On my sister, I finally know what maternal love is, but it doesn't belong to me. Mother is devoted to her sister, and every move affects her heart, even if it is a little cough, even if it is unreasonable crying. In my mother's eyes, my sense of existence is very weak, except when I need to coax my sister, except when I want to help my sister wash diapers.

When did you start to hate your sister? Probably my sister accidentally fell down and sat on the ground crying. My mother scolded me when she heard the sound. Probably my food is always stopped by my mother in my sister's bowl halfway; I probably tried my best not to coax my sister into being scolded. "How did you bring up your sister? This little thing can't be done well. What is your brain for? " .

I was really wronged. I have longed for maternal love since I was a child. I thought I could be in my mother's arms like a baby like everyone else. As a result, I didn't enjoy the long-awaited maternal love, but I didn't get my mother's understanding and attention. I am still a child myself. How can I take care of my sister perfectly?

I hate my mother always saying, Mei Mei, you are my sister. You should know how to let go of your sister and don't fight with her. Mei Mei, why did you make your sister cry again? It's worrying that you can't even coax a child. Mei Mei, at your age, what snacks do you eat? Your sister is still young, you should give it to her, you know?

At that time, I deeply regretted the idea of having a sister, and I began to hate my sister. At that time, I thought I could get all the maternal love without my sister. Yes, I was angry.

Time is a filter, and I gradually accepted all the unfair treatment at that time. I believe my mother loves me. Even though she doesn't care about me as much as her sister does, she hasn't treated me badly in life these years, and she hasn't left me without food, clothing, housing and transportation. She didn't care about me when she was sick, and abuse never happened.

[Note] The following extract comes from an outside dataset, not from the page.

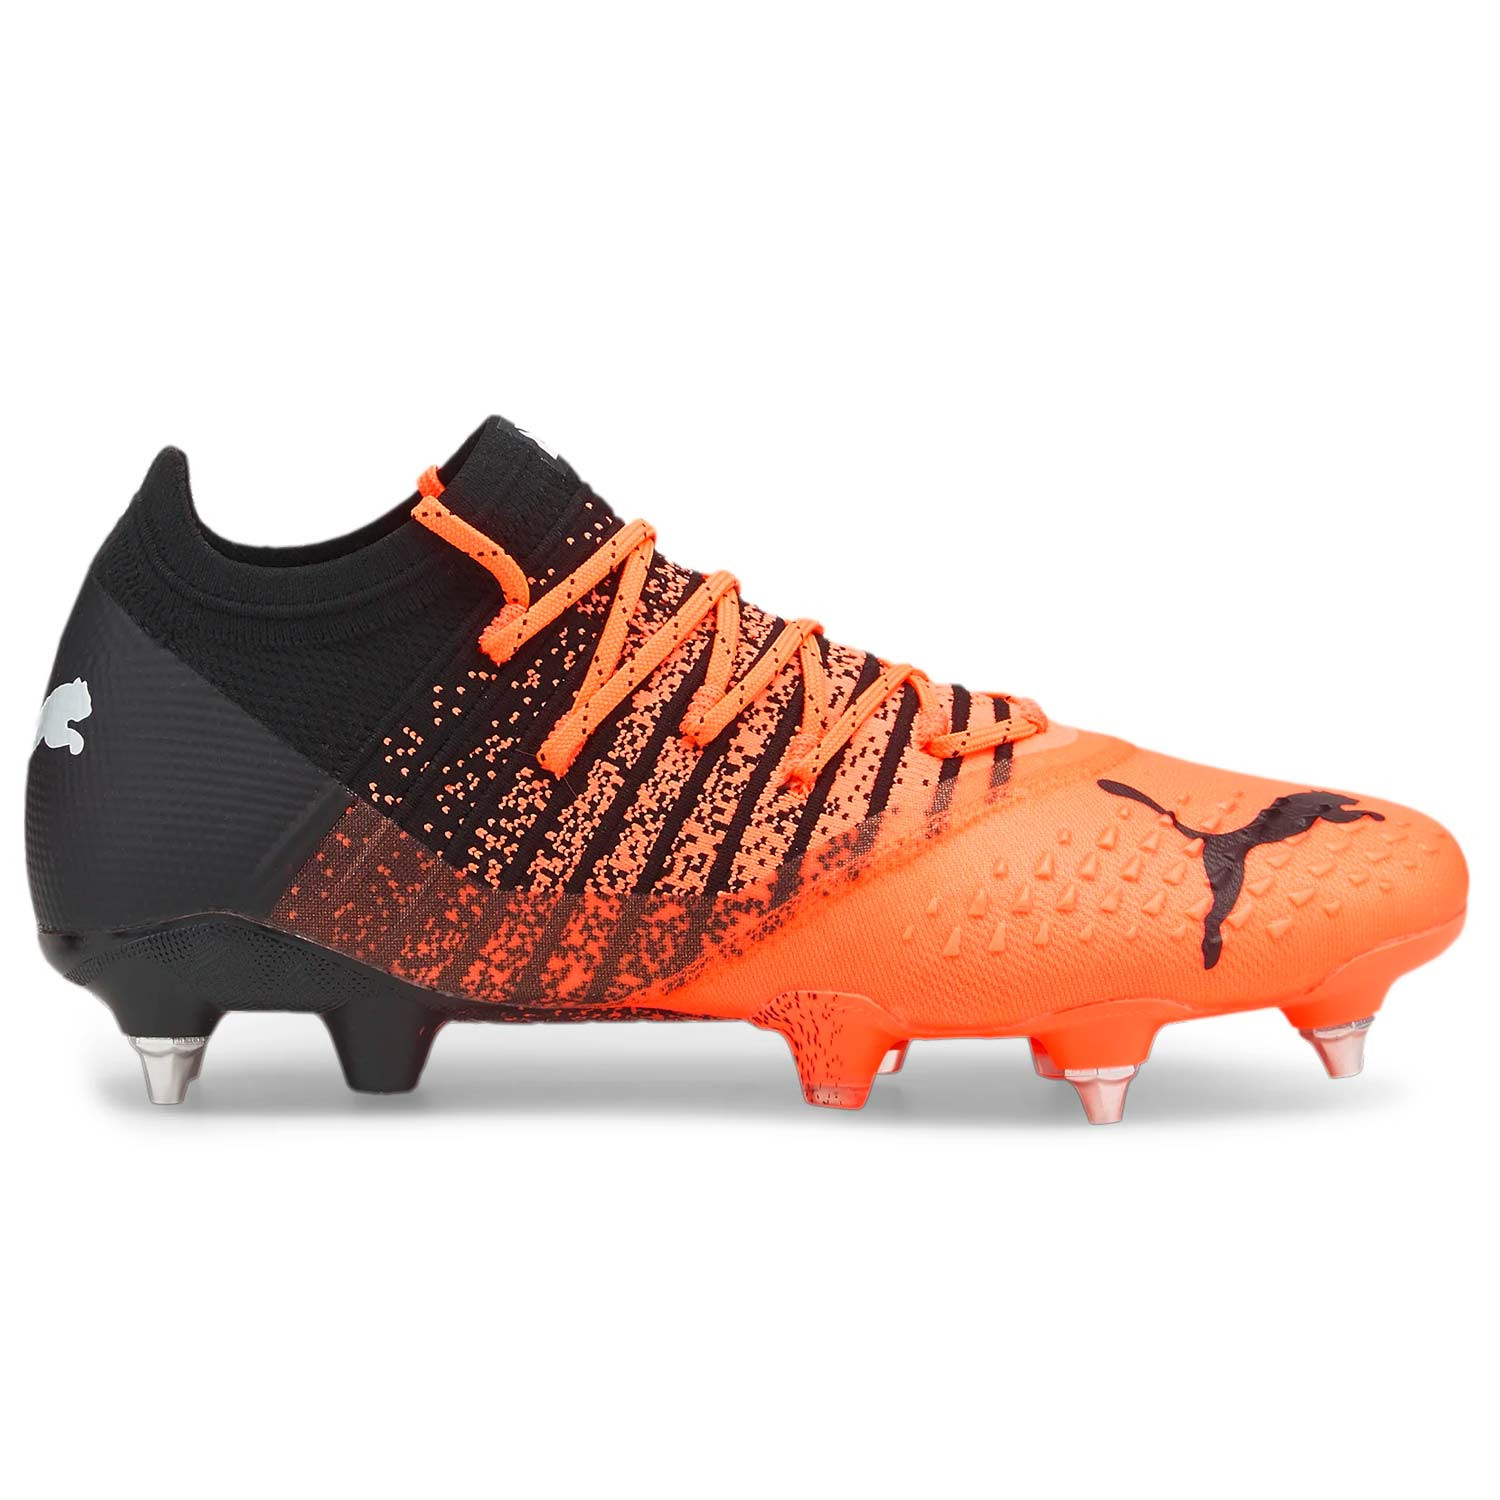 Botas de fútbol Puma Future Z 1.3 MxSG naranja, negro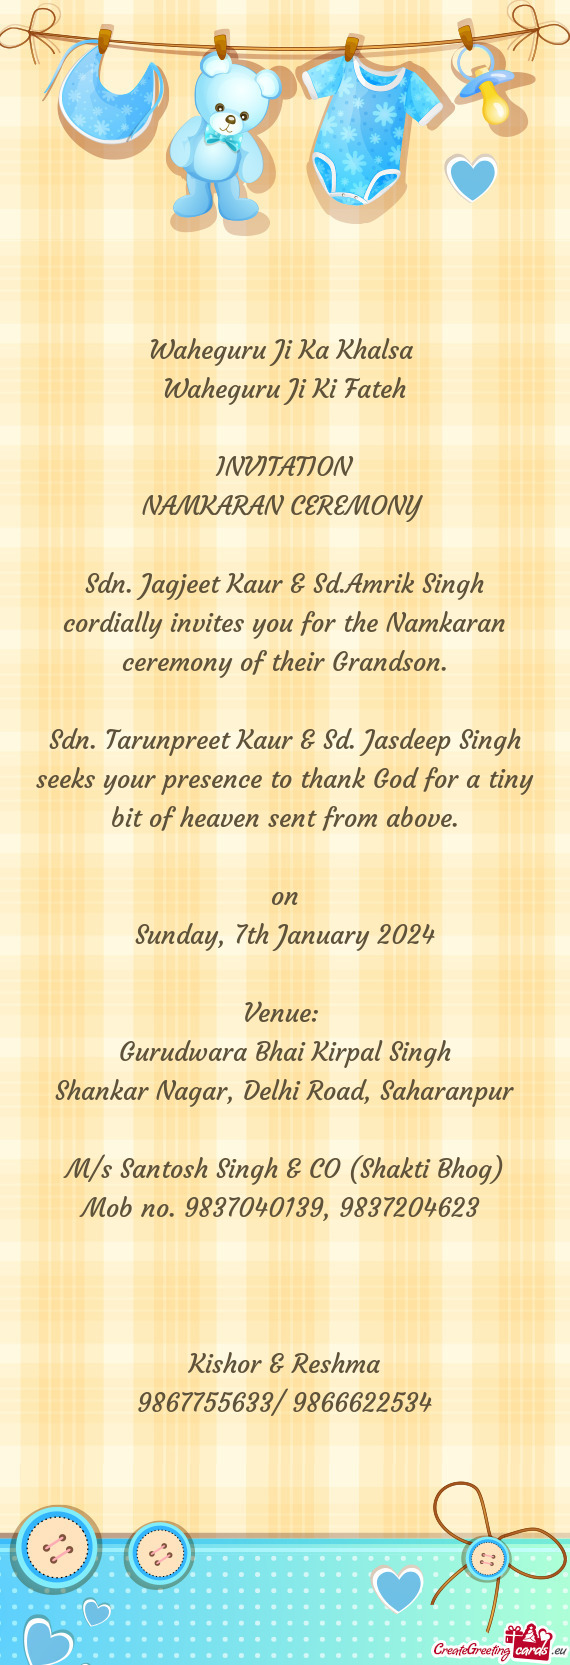 Sdn. Jagjeet Kaur & Sd.Amrik Singh cordially invites you for the Namkaran ceremony of their Grandson

At home these days, I watched my mother carefully dress my sister, put on her schoolbag, patiently clean up her messy "kennel", watch some cooking at noon, or knit sweaters or hook shoes in the afternoon to wait for her to cook. Watching my sister wave to her mother in the morning: "Mom, I'm leaving, goodbye." When she came home from school and threw herself into her arms, her mother couldn't help laughing.

The aunt next door knew I was back and brought me jiaozi with her own bag. I heard my mother complaining that my sister was fidgeting upstairs, cleaning and washing clothes every day. My mother said that she envied her aunt and was free and clean at home, but she kept smiling. I know this is actually a show off and a pleasure.

Thinking of what my aunt said next door, I suddenly felt that it was good to have a sister so much younger than me. Parents are getting old, they need company, they need someone to listen to their nagging, and my sister is the one who can accompany them when they are lonely. Sister's trifles will share their energy. They don't have to worry about me all the time. They will be happier and more satisfied when they are busy. Companionship is the longest confession, and my sister and I will spend most of our lives to complete this confession.

I am really glad that I have a sister who is twelve years younger than me, and I am grateful that my mother brought me a sister.